If it sounds like I am arguing in favor of the Halliburton boys plumbing Iraq's oil or that I am arguing in favor of Bush's Saudi pals, I'm not. But, as Molly Ivins says, you dance with them what brung ya. Ignoring these realities is dangerous and irresponsible. If you own a car, use electricity, eat produce that you did not grow yourself, if you know anyone who fits this description, or if you do any number of a hundred other things that are based on petroleum, you have a dog in this hunt. Simply wishing it wasn't true is no answer.

_______________________

Bush Phenomena explained over 25 years ago in the movie Three Days of the Condor author: Michael C. Ruppert

But there is a deeper part of human nature which covers the planet in a sickly, light-sweet-crude blanket of denial. It is best exemplified from the closing lines of Sidney Pollack's 1975 Three Days of the Condor, perhaps the best spy movie ever made. As FTW has shown in recent stories - using declassified CIA documents - the CIA was well aware of Peak Oil in the mid 1970s. Three Days of the Condor took that awful truth and said then, what few in the post-9/11 world have had the courage to say. I can guarantee you that it is the overriding rationale in Dick Cheney's mind, in the mind of every senior member of the Bush administration, and in the mind of whomever it is that will be chosen as the 2004 Democratic Party nominee. Getting rid of Bush will not address the underlying causative factors of energy and money and any solution that does not address those issues will prove futile. Turner (Robert Redford): "Do we have plans to invade the Middle East ?"

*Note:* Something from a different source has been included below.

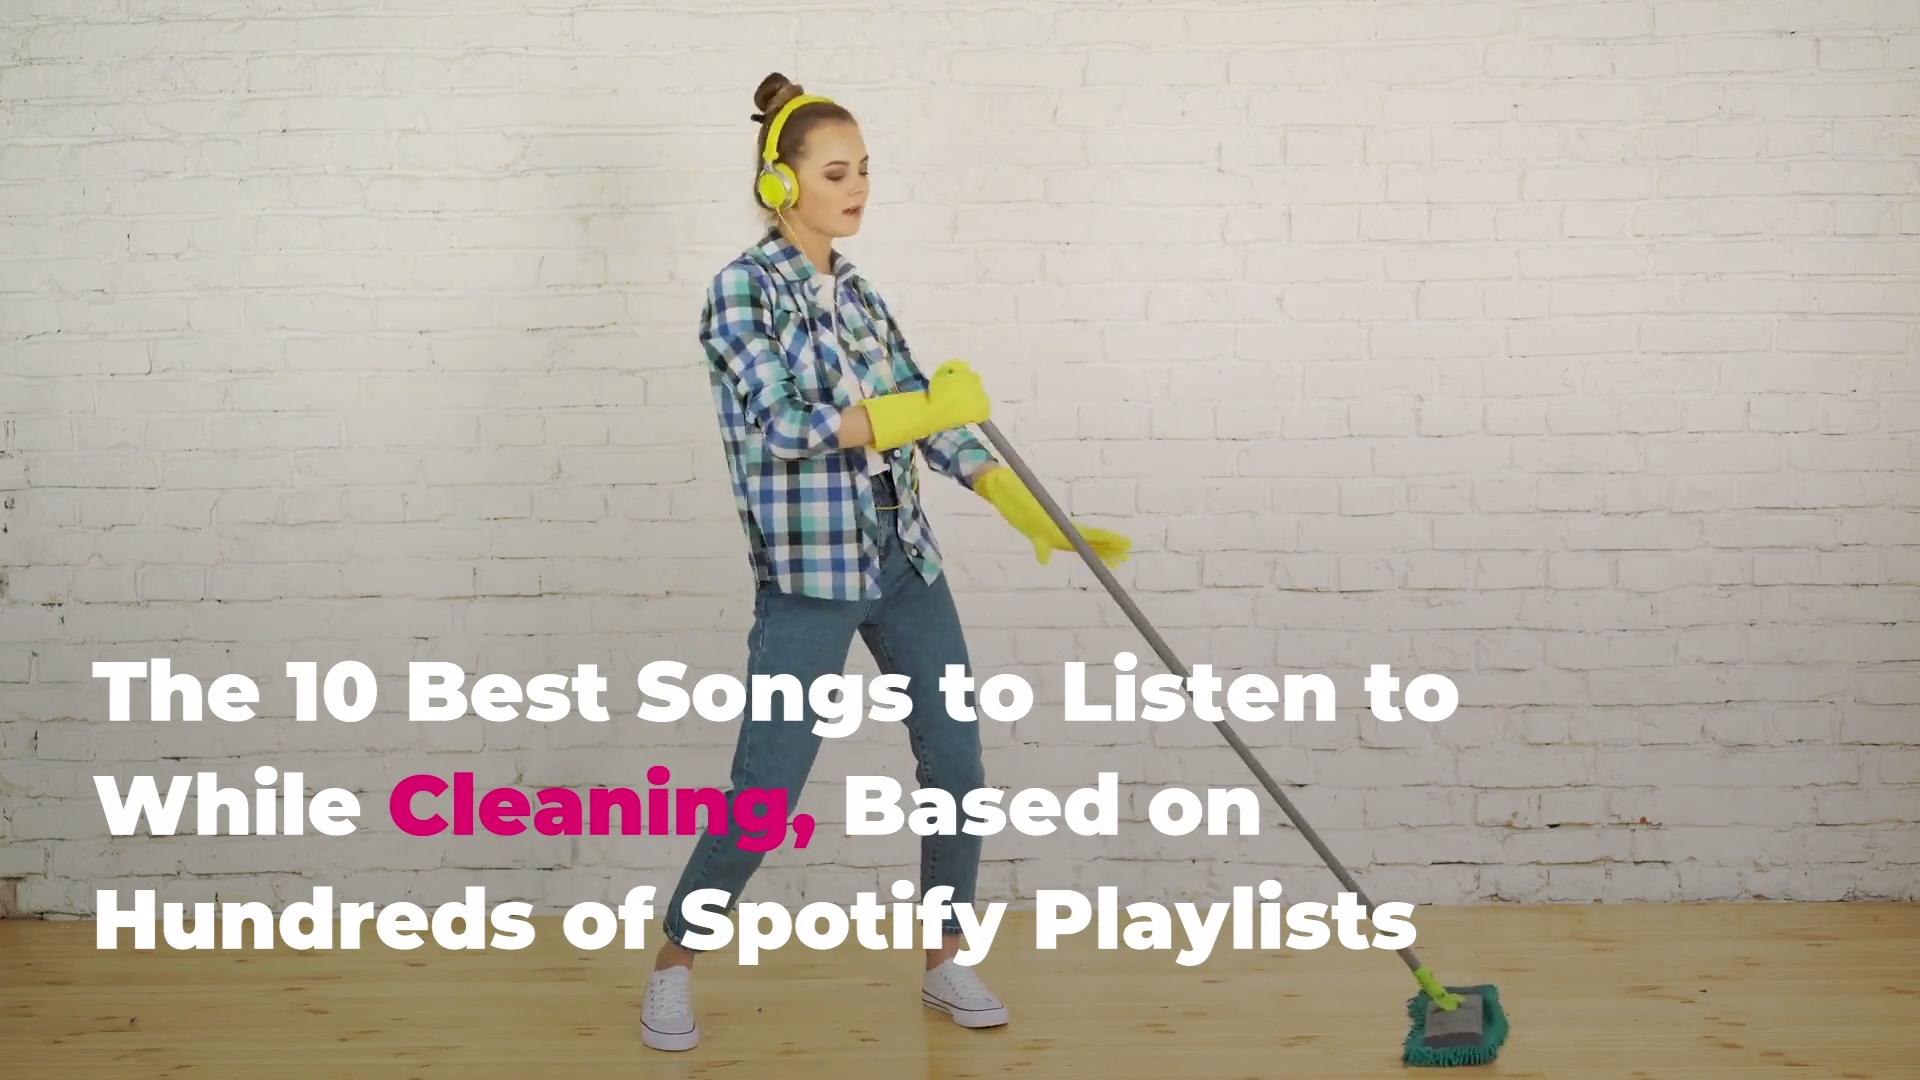 The 10 Best Songs to Listen to While Cleaning, Based on Hundreds of Spotify Playlists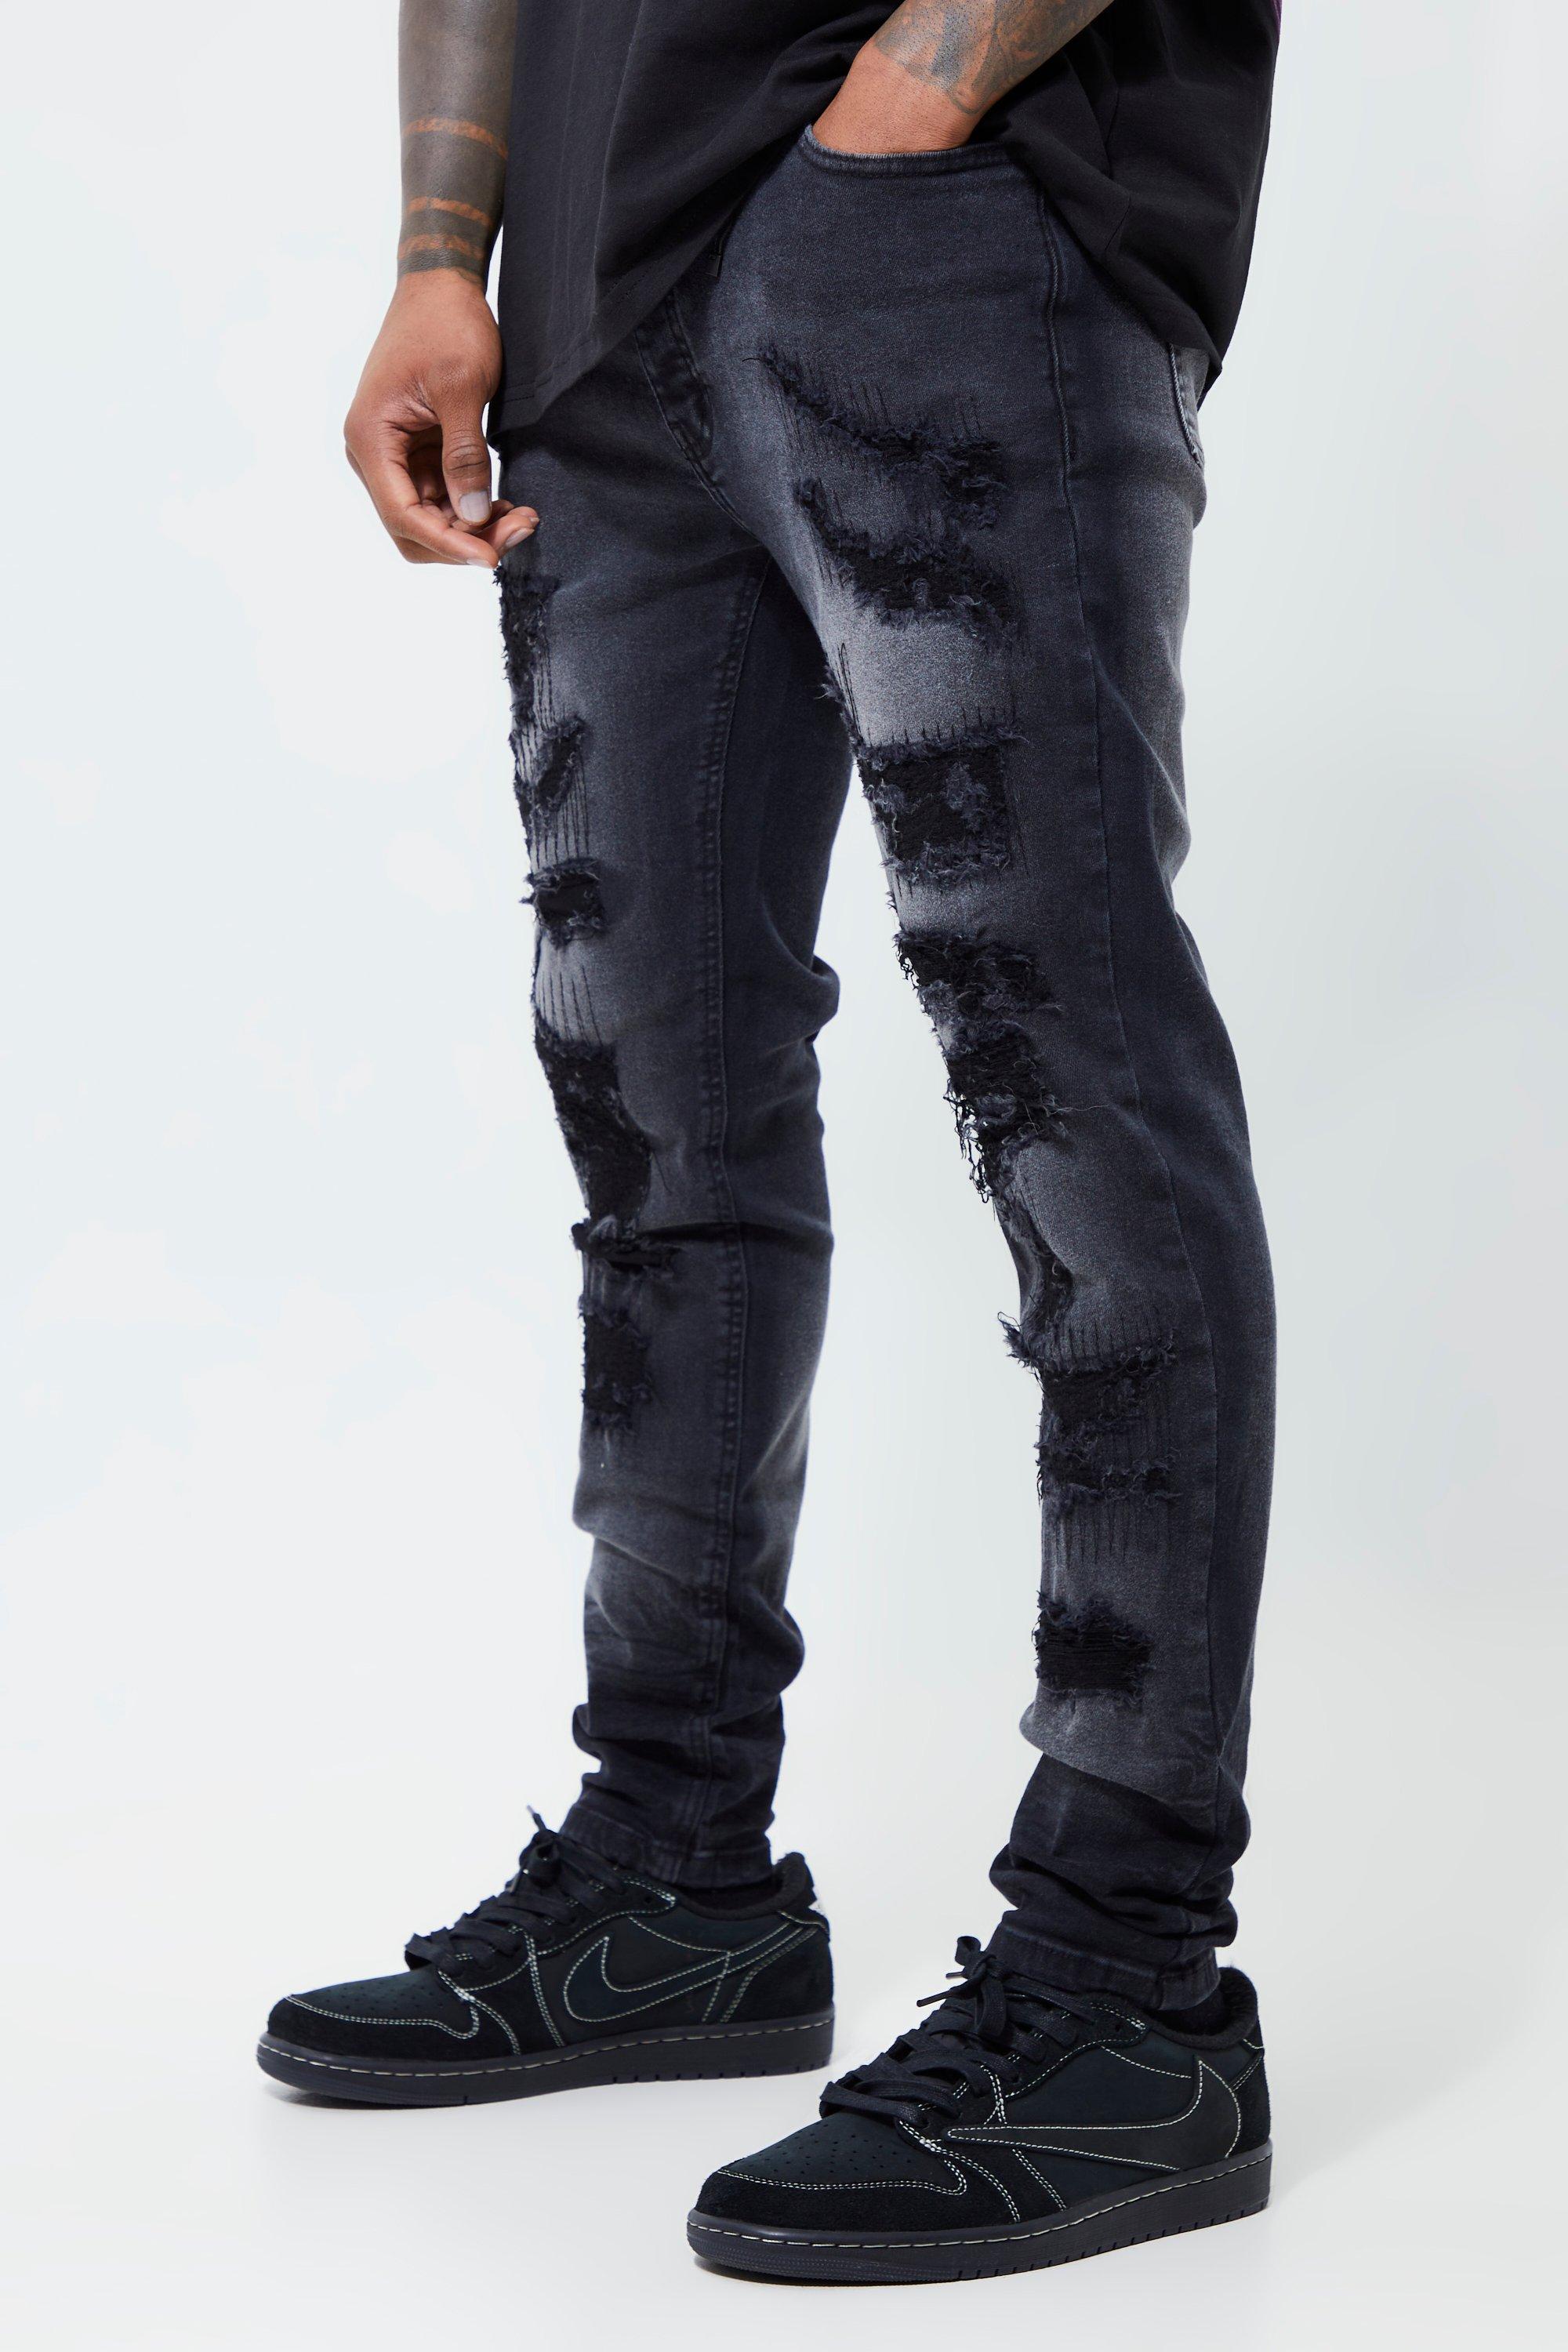 Overleve Inspirere mode Skinny Stretch All Over Ripped Jeans | boohooMAN USA

Higgins (Cliff Robertson): " Are you crazy?"

Turner: " Am I?"

Higgins: "Look, Turner... "

Turner: "Do we have plans?"

Higgins: "No. Absolutely not. We have games. That's all. We play games. What if? How many men? What would it take? Is there a cheaper way to destabilize a régime? That's what we're paid to do."

Turner: "Go on. So Atwood just took the game too seriously. He was really going to do it, wasn't he?"

Higgins: "It was a renegade operation. Atwood knew 54-12 would never authorize it. There was no way, not with the heat on the Company."

Turner: "What if there hadn't been any heat? Supposing I hadn't stumbled on a plan? Say nobody had?"

Higgins: "Different ball game. The fact is there was nothing wrong with the plan. Oh, the plan was alright. The plan would have worked."

Turner: "Boy, what is it with you people? You think not getting caught in a lie is the same thing as telling the truth?"

Higgins: "No. It's simple economics. Today it's oil, right? In 10 or 15 years - food, Plutonium. And maybe even sooner. Now what do you think the people are gonna want us to do then?

Turner : " Ask them."

Higgins: "Not now - then. Ask them when they're running out. Ask them when there's no heat in their homes and they're cold. Ask them when their engines stop. Ask them when people who've never known hunger start going hungry. Do you want to know something? They won't want us to ask them. They'll just want us to get it for them."